Bobby Valentine walks the read carpet before the

Bobby Valentine walks the read carpet before the Mike and The Mad Dog reunion show at Radio City Music Hall on Wednesday, March 30, 2016. Photo Credit: Kathleen Malone-Van Dyke

Even some of baseball’s elite minds have a divide about if it’s better to specialize or play multiple sports.

Former first-round picks and Mets managers Bobby Valentine and Jerry Manuel along with 14-year major leaguer Eric Karros held a discussion before the National Youth Baseball Championships with Steel Sports Academy at Yaphank’s Baseball Heaven on Friday morning in front of an audience of youth players, coaches and parents.

Hall of Fame manager Tommy Lasorda also was presented with a wall collection in the complex’s café in his honor.

The distinguished panelists discussed how they began playing baseball, their role models, how the trio coach youth baseball now and the changing game.

On the topic of baseball specialization, both Valentine and Karros recall hearing college coaches preach about targeting multi-sport athletes. But when it came to signing kids out of high school, the coaches often went with baseball-specific players.

“There’s one thing you might want but the reality of the situation is that we are specializing,” said Valentine, who managed in MLB for 16 years including 1996-2002 with the Mets. “And it is what it is.”

Valentine, a three-sport standout in high school, said he thinks youth players would benefit from playing multiple sports. Karros echoed those thoughts saying it’s better to play multiple sports.

“Ideally that would be what I would suggest nowadays,” said Karros, who hit 284 career home runs and won the 1992 Rookie of the Year. “But it just doesn’t happen anymore.”

Manuel said he’s “not a fan” of year-round baseball, referencing how it takes a toll on pitchers that could lead to injury.

Karros, Valentine and Manuel help coach and run youth baseball organizations. They see the changes in specialization compared with when they played.

“I don’t think that it’s less popular, I just think it’s become more specialized,” Manuel said, “and with that being said, I think you are going to lose people here and there.

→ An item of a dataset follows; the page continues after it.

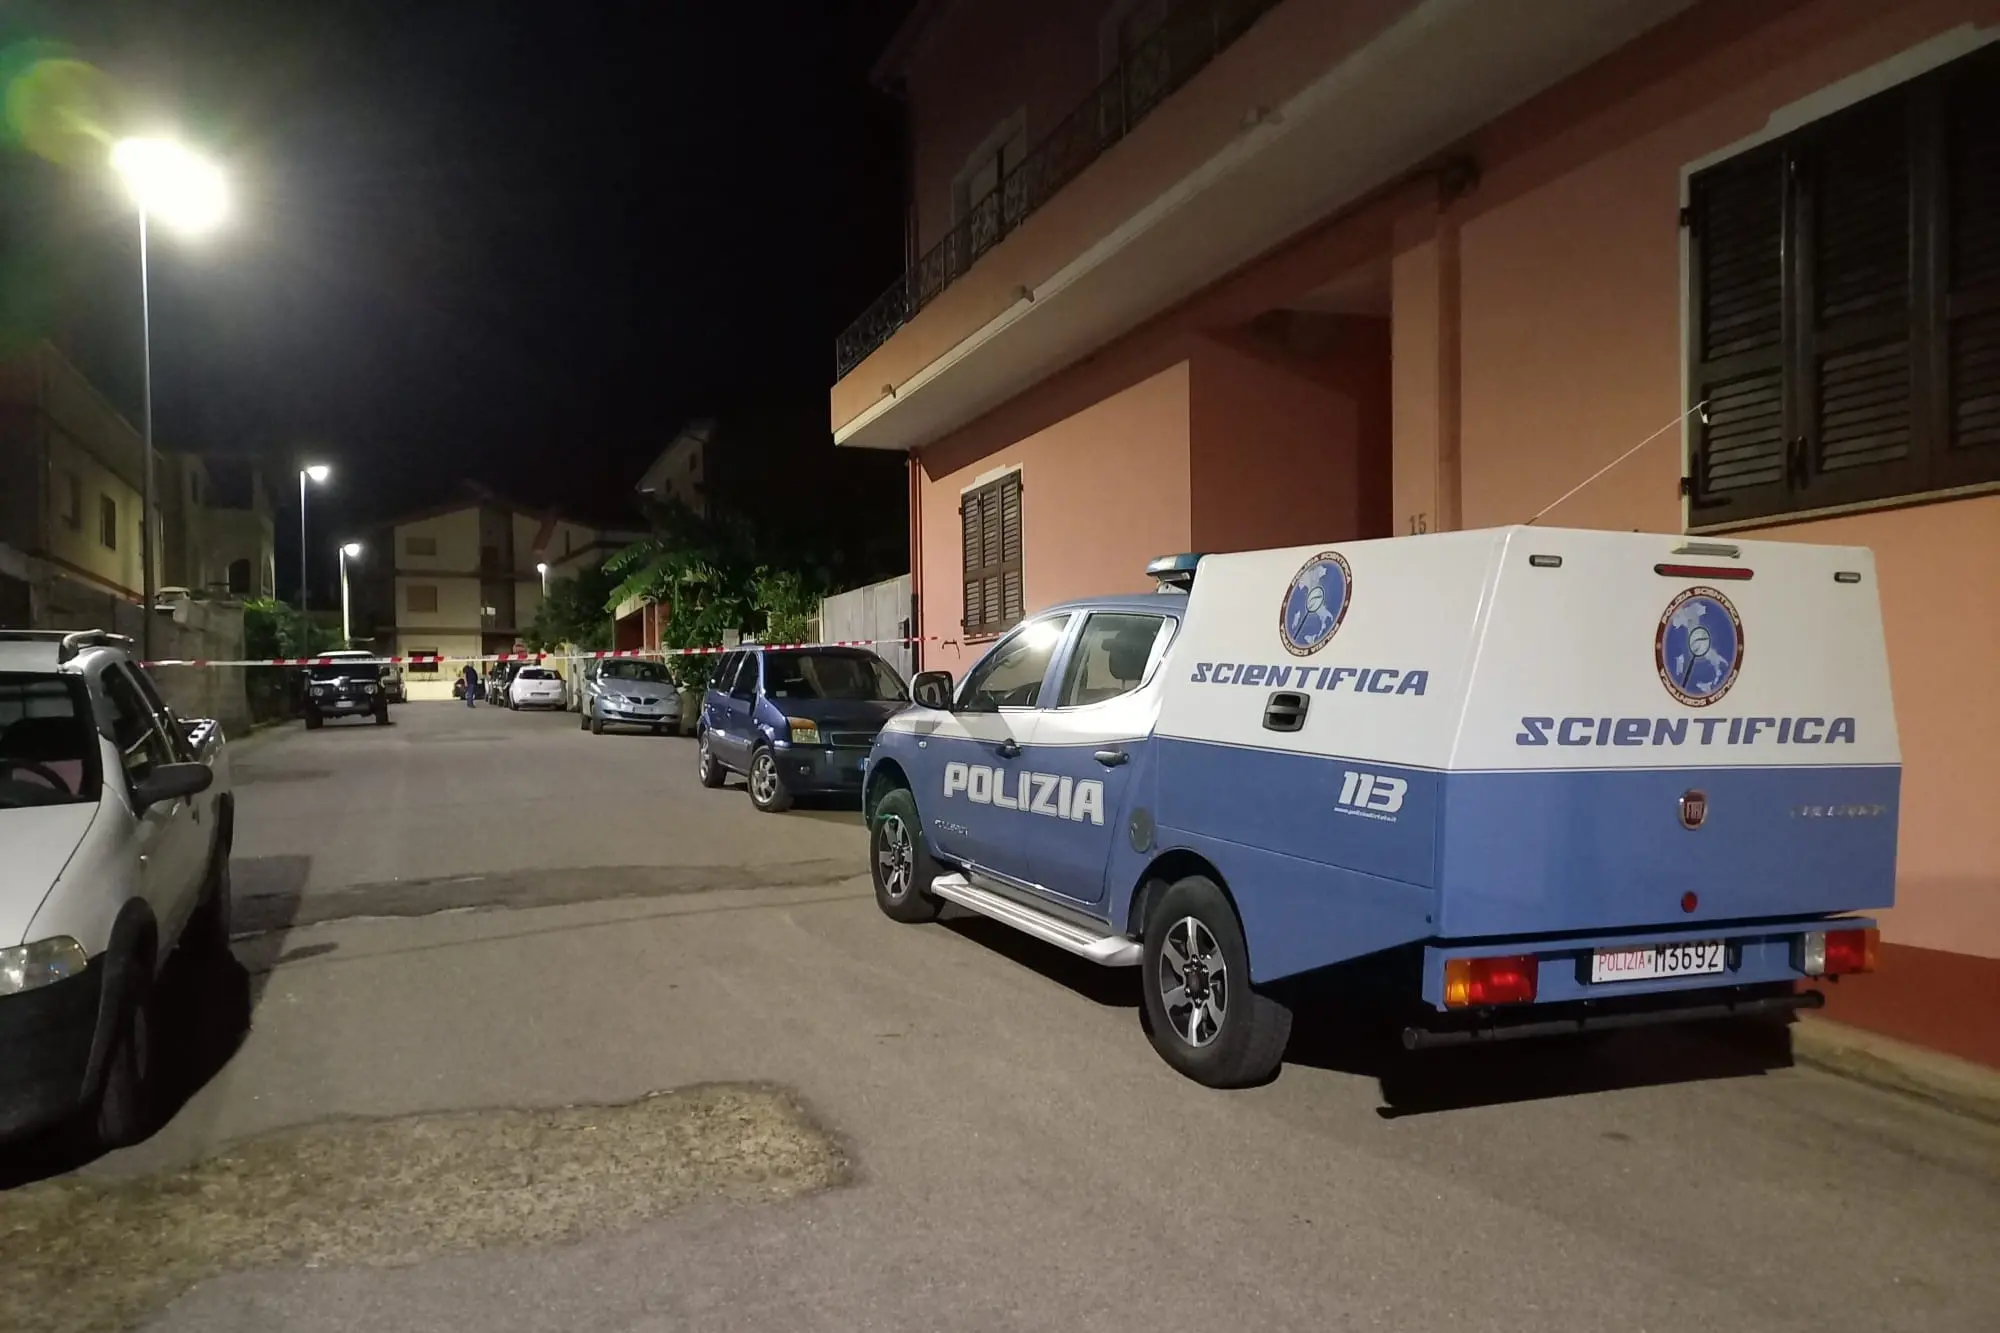 La Polizia Scientifica in via don Sturzo, a Domusnovas, di fronte alla casa dei Lancellotti (foto L'Unione Sarda - Farris)

But I think you are going to get a better game in the long run if you have better people teaching.”

For Lasorda, he loves interacting with youth players and teaching about lessons on and off the baseball diamond. He harps on respect in all facets of life – something he’d like to see more of from today’s youth.

After presented with his honorary collection, which includes baseball cards, videos, pictures, jerseys and clippings from championships, Lasorda was thinking about what it means for others seeing it at the Baseball Heaven complex.

“When you get something like this, it’s not just for a month or two months, it’s forever,” said Lasorda, a 1997 Hall of Fame inductee after a 21-year managerial career that included two championships. “And I’m so proud of it and happy that I can do something for somebody else and I want a lot of youngsters to look at it and try to learn something from it and that would be very, very good for me.”